Barack Obama "ne şiiri, ne edebiyatı, kitap okumaya vaktim yok ki" diyen, o alıştığımız siyasetçi tiplemelerinden olmadığını çabuk gösterdi. Çeşitli söyleşilerde kendisinin de karısının da edebiyata ne kadar düşkün olduklarının ısrarla altını çizdi. Geçen ay elinde, dünya şiirinin en ünlü isimlerinden Derek Walcott un kitabıyla yakalandı objektiflere. Keza Obama nın yemin töreninde, aynı zamanda Yale Üniversitesi nde öğretim görevlisi olan, prestijli ödüllere sahip ama o kadar meşhur olmayan siyah bir kadın şair, Elizabeth Franklin yer alacak. Bu uygulama daha evvel Bill Clinton tarafından da yapılmıştı. Siyasi hayatının dönüm noktası olan törenlerde Clinton ın yanında muhakkak şairler, sanatçılar olmuştu. Mesela son derece yetenekli, cesur bir ses olan siyah kadın şair Maya Angelou. Şiirle siyaset, en son 1961 senesinde Kennedy nin yemin töreninde yan yana görülmüştü. O zaman da Robert Frost törende şiir okumuştu. Bir anlamda Obama, Bush yönetiminin rafa kaldırdığı bu latif uygulamaya sahip çıktığını gösteriyor. Böylelikle sadece şu veya bu şaire değil, şiire, edebiyata, sanata ne kadar önem verdiğini milyonlar önünde vurguluyor.
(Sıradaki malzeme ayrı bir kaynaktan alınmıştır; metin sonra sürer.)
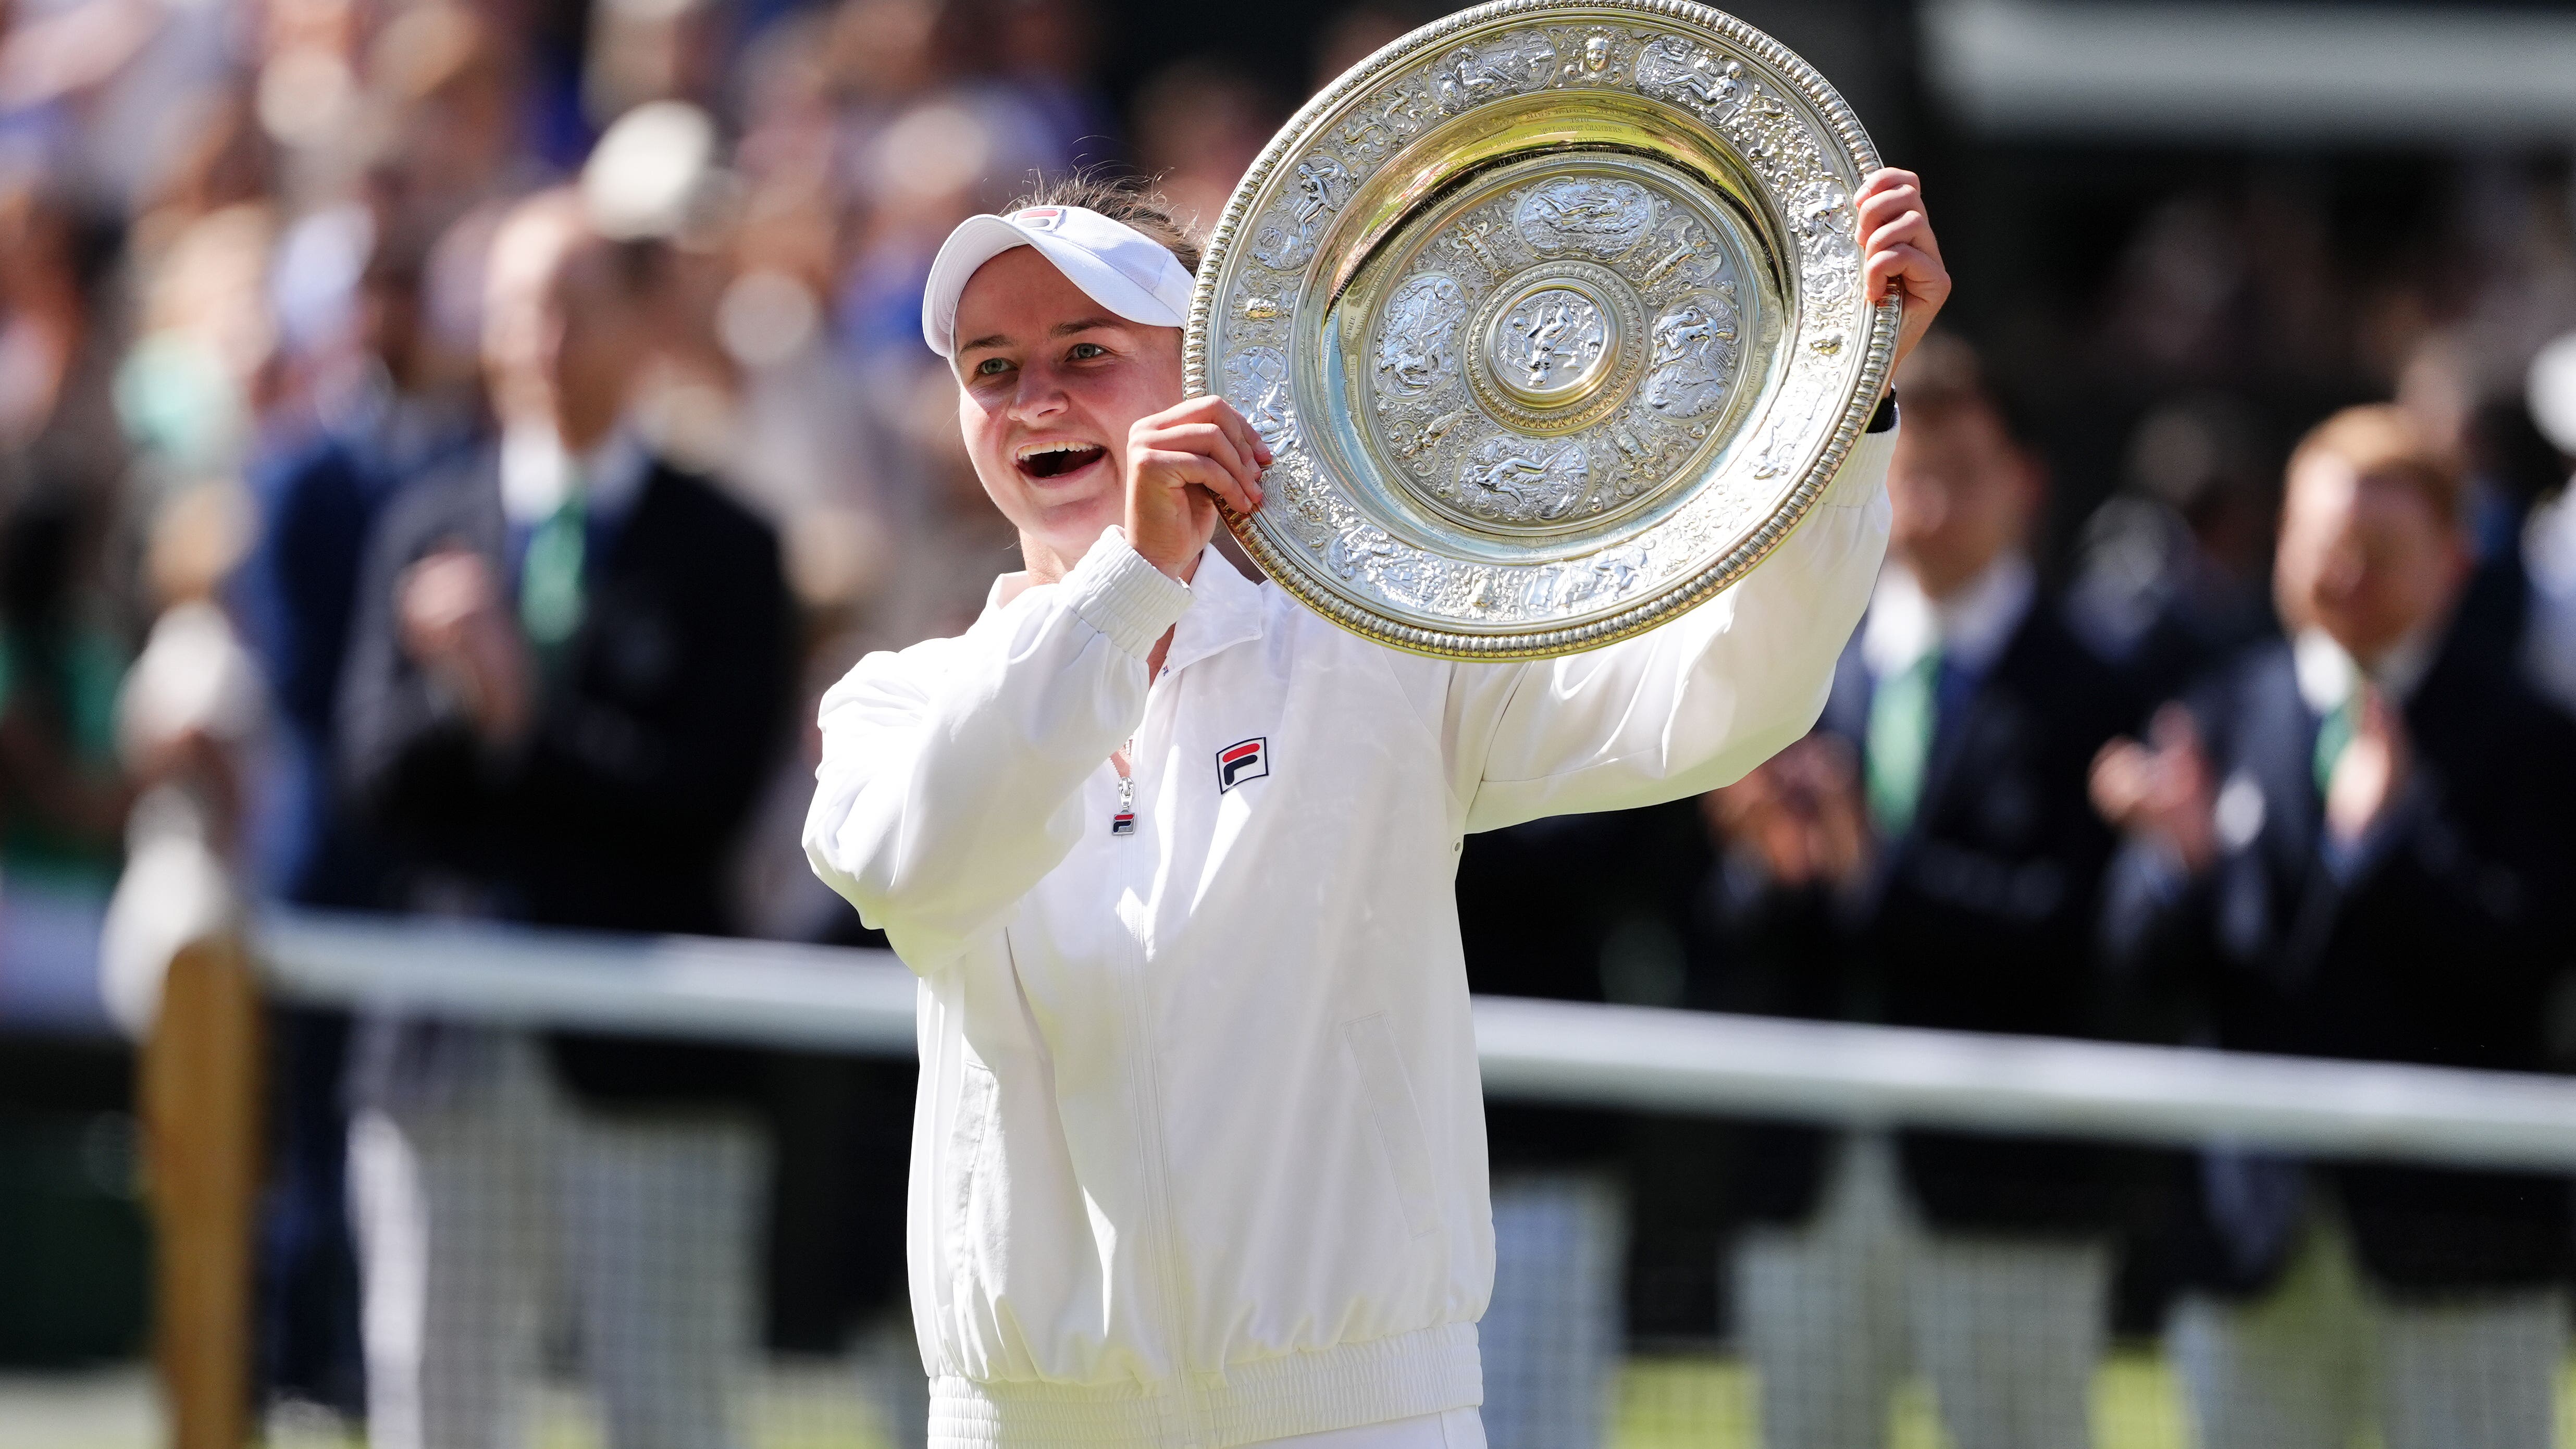 Barbora Krejcikova holds off Jasmine Paolini fightback to win Wimbledon title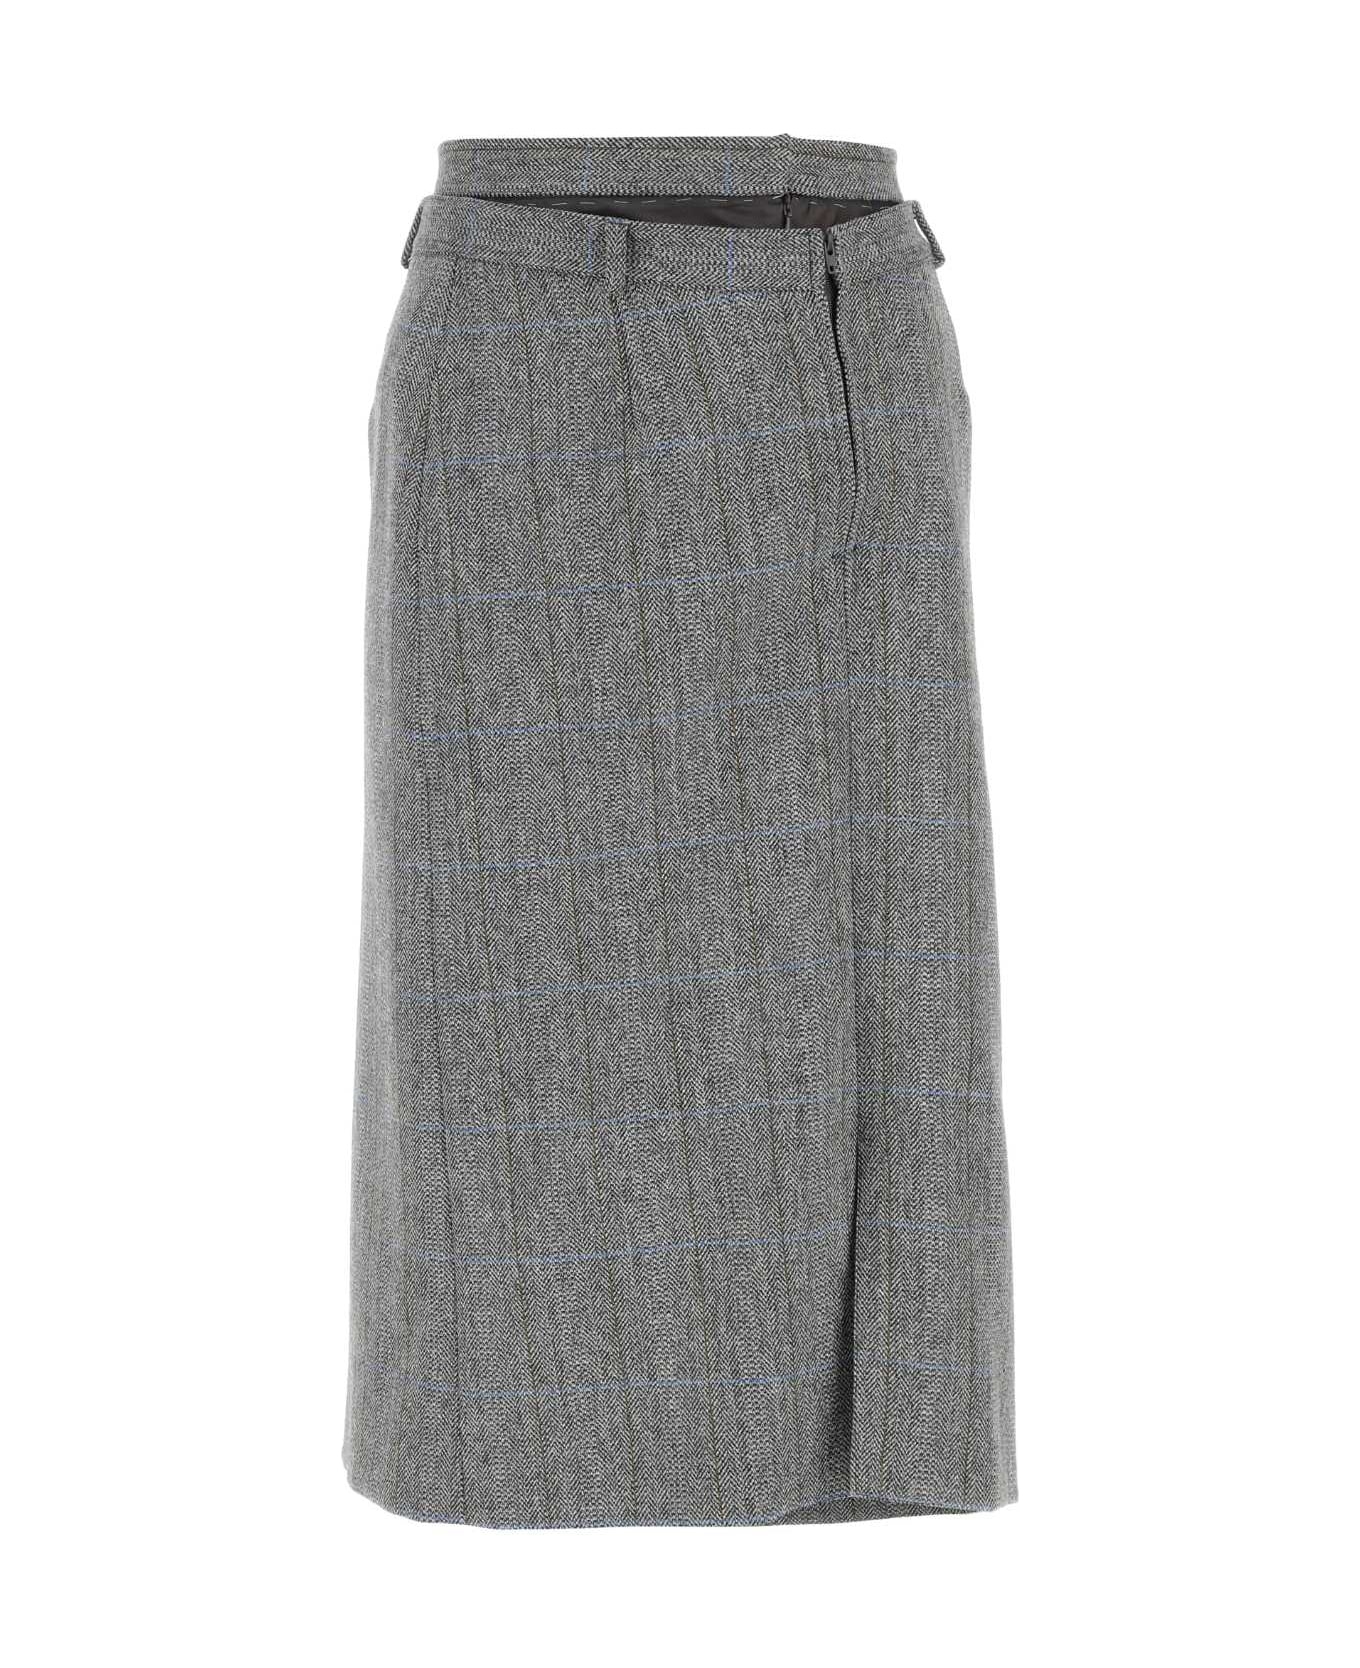 Maison Margiela Embroidered Wool Skirt - 001F スカート

İnsan ister istemez kıyaslıyor. "Türkiye de siyasetçilerin ne kadar okudukları, edebiyata ne kadar kıymet verdikleri" sorusu ne yazık ki olumlu bir cevap bulmaya muhtaç. Bizdeki seçim konuşmaları ekseriya husumet, hamaset, kallavi iddialar, suçlamalar ve hatta zaman zaman böbürlenmelerle dolu oluyor. Her sözü bekliyoruz bir siyasetçinin ağzından. Ama duymayı beklemediğimiz tek bir şey var: Şiir. Kavgacı olmayan, ötelemeyen, ötekileştirmeyen, tam tersine tüm dünyayı ve varoluşun tüm hallerini anlamaya, anlatmaya, kucaklamaya çalışan şiir.
Hayatımızda şiire ne kadar yer var? Başka ülkelerle kıyasladığımzda, farklı kültürlere baktığımızda nasıl bir tablo ortaya çıkar dersiniz? Bizim için şiir bir "romantik uğraş" mı yoksa hayatın özü, büyüsü, ritmi diyebilir miyiz gönül rahatlığıyla? Gündelik hayatımızın ne kadarında var şiir? Var mı? Belki de "şiir okuru"ndan fazla "şair adayı" var bu ülkede. Hemen herkes şair olmaya özenirken, bu ne garip çelişkidir ki kimsenin şiir okumaya vakti yok!